Donnerstag, 18. März 2010

Da können Sie ruhig husten - Teil 2

Ich hatte hier schon berichtet, dass die Vorstellungen von Verteidigung und Staatsanwaltschaft in puncto Strafzumessung bisweilen sehr weit auseinander liegen.

Es ging um eine Anklage wegen Einfuhr und Handeltreibens mit harten Betäubungsmitteln. Die nicht geringen Mengen waren jeweils deutlich überschritten. Mein Mandant hatte schon beim Haftrichter ein umfassendes Geständnis abgelegt und Angaben zu den niederländischen Dealern gemacht, bei denen er die Drogen gekauft hatte. Beides Gründe, die trotz der erheblichen Mengen einen minder schweren Fall diskutierbar machten und damit eine Strafrahmenverschiebung von von mindestens 2 Jahren zu 3 Monaten bis fünf Jahren.

Heute war die Hauptverhandlung beim Schöffengericht in M.. Mein Mandant wiederholte sein Geständnis hinsichtlich der Einfuhr, blieb aber wie schon im vorangegangenen Ermittlungsverfahren dabei, dass ein Handeltreiben mit den erworbenen Drogen von ihm nicht in Erwägung gezogen worden war.

Der Sitzungsvertreter der Staatsanwaltschaft nahm ihm dies nicht ab und gelangte auch nicht dazu, das Vorliegen eines minder schweren Falles zu bejahen. Der Antrag lautete auf 2 Jahre und 6 Monate ohne Bewährung.

Ich beantragte eine Bewährungsstrafe unter Annahme eines minder schweren Falles.

Das Gericht folgte meinem Antrag und verhängte 2 Jahre, ausgesetzt zur Bewährung.

Gehustet hat bei Urteilsverkündung übrigens niemand. Das Urteil ist nicht rechtskräftig.

6 Kommentare:

Dante hat gesagt…

Da bin ich ja froh, dass Anwälten der selbe Fehler unterläuft, der bei mir beinahe mal zur Aufhebung durch den BGH geführt hätte.

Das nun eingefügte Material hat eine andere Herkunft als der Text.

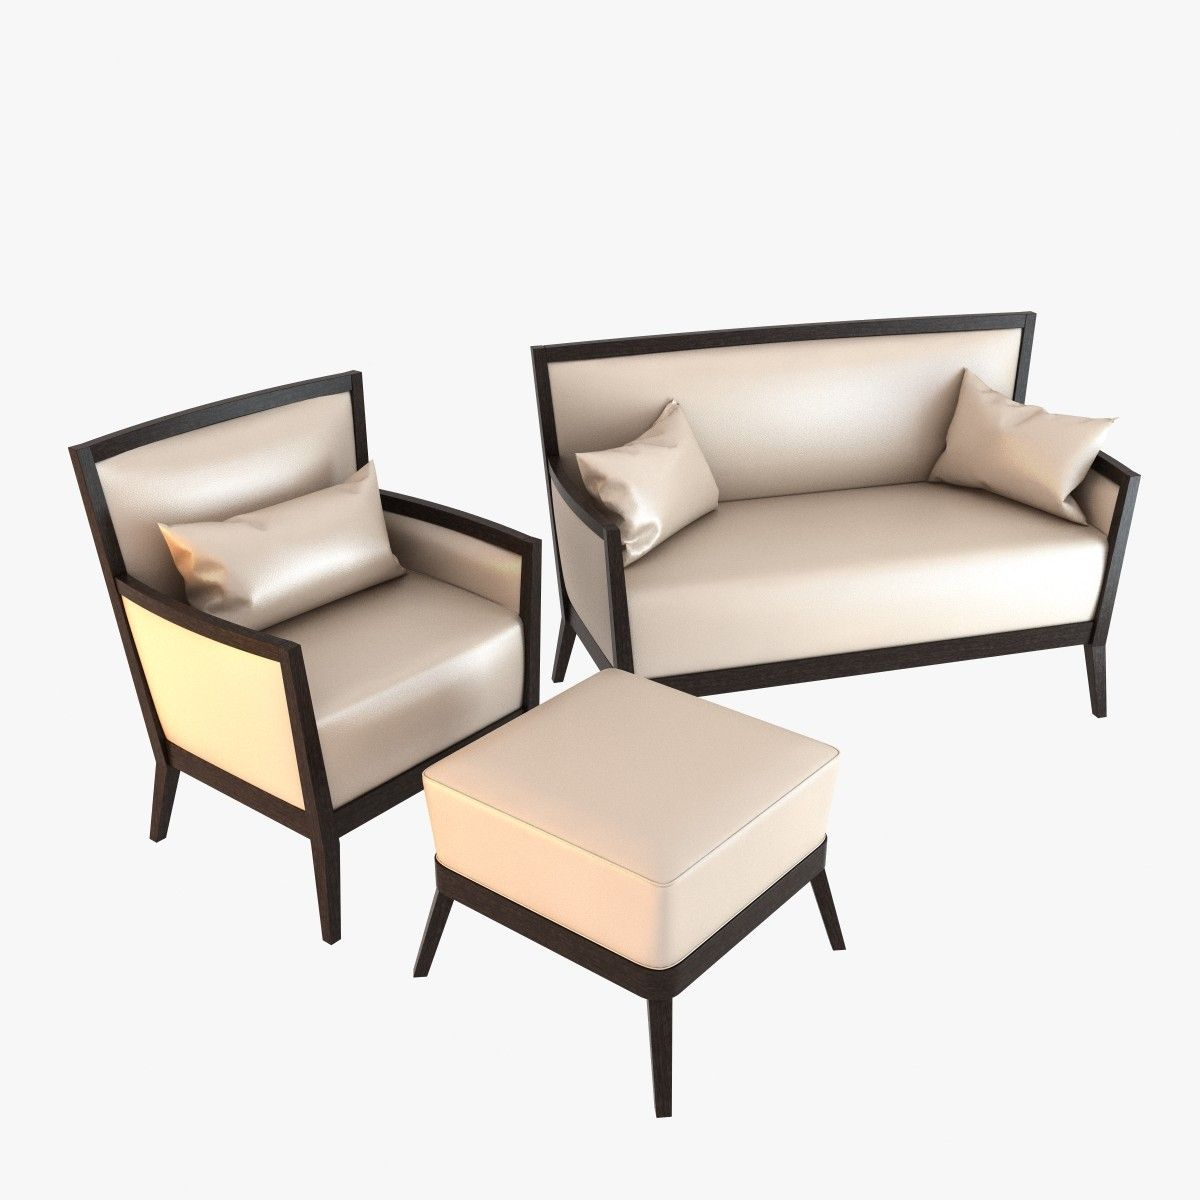 Sofa Sedie Armchair 3D Model 3D Model (con

§ 31 BtMG erlaubt eine Strafmilderung nach § 49 Abs. 2 StGB. Das heißt die Untergrenze des Strafrahmens sinkt auf einen Monat bzw. Geldstrafe.

Sie gehen offenbar von einer Milderung nach § 49 Abs. 1 StGB aus, wobei mir auch dabei nicht klar ist, wie sie auf drei Monate kommen.

Kerstin Rueber-Unkelbach LL.M. hat gesagt…

@Dante: Der § 31 BtmG wurde NICHT angewendet, sondern im Rahmen der Strafzumessung der diesem zugrunde liegende Rechtsgedanke. Das Gericht ging von einem minder schweren Fall aus, § 30 II BtmG, der einen Strafrahmen von 3 Monaten bis 5 Jahren vorsieht.

Dante hat gesagt…

Ah, verstehe. So macht's Sinn. Hätte ich auch drauf kommen können :-)

Kerstin Rueber-Unkelbach LL.M. hat gesagt…

Kann mir vorstellen, wie Sie drauf kamen: ein Jurist hört was von Angaben über Dealer und schon schrillt die 31er-Sirene. ;-)
Da bislang aber nicht (aktenkundig) gegen die Verkäufer ermittelt wurde, konnte sich auch der für den § 31 BtmG erforderliche Ermittlungserfolg nicht eingestellt haben, weshalb er formal nicht vorlag.

Ein Staatsanwalt hat gesagt…

...wobei 2 Jahre 6 Monate und 2 Jahre auf Bewährung (jedenfalls aus Sicht eines Staatsanwaltes, wenn auch sicherlich nicht aus Sicht eines Angeklagten) nicht gar so meilenweit auseinanderliegen, sondern eigentlich recht nahe beieinander.

(Der Rekord des Auseinanderklaffens zwischen StA- und Verteidigerantrag, an dem ich selbst beteiligt war, liegt jedenfalls bei 6 Jahren Differenz, wobei der Verteidiger außerdem noch eine Bewährung haben wollte. Am tatsächlichen Strafmaß lag ich dann doch eine Spur näher als er.)

Kerstin Rueber-Unkelbach LL.M. hat gesagt…

@Staatsanwalt: Interessante Sichtweise, die man aber einem Angeklagten kaum wird vermitteln können, ohne dass er darüber nachdenkt, eine Straftat zulasten des Verteidigers zu begehen. ;-) Für ihn bedeuten 2/6 nun mal mindestens 20 Monate gefilterte Luft. Mein diesjähriger Rekord liegt übrigens bei Freispruch ./. 8/6 (leider noch nicht rechtskräftig).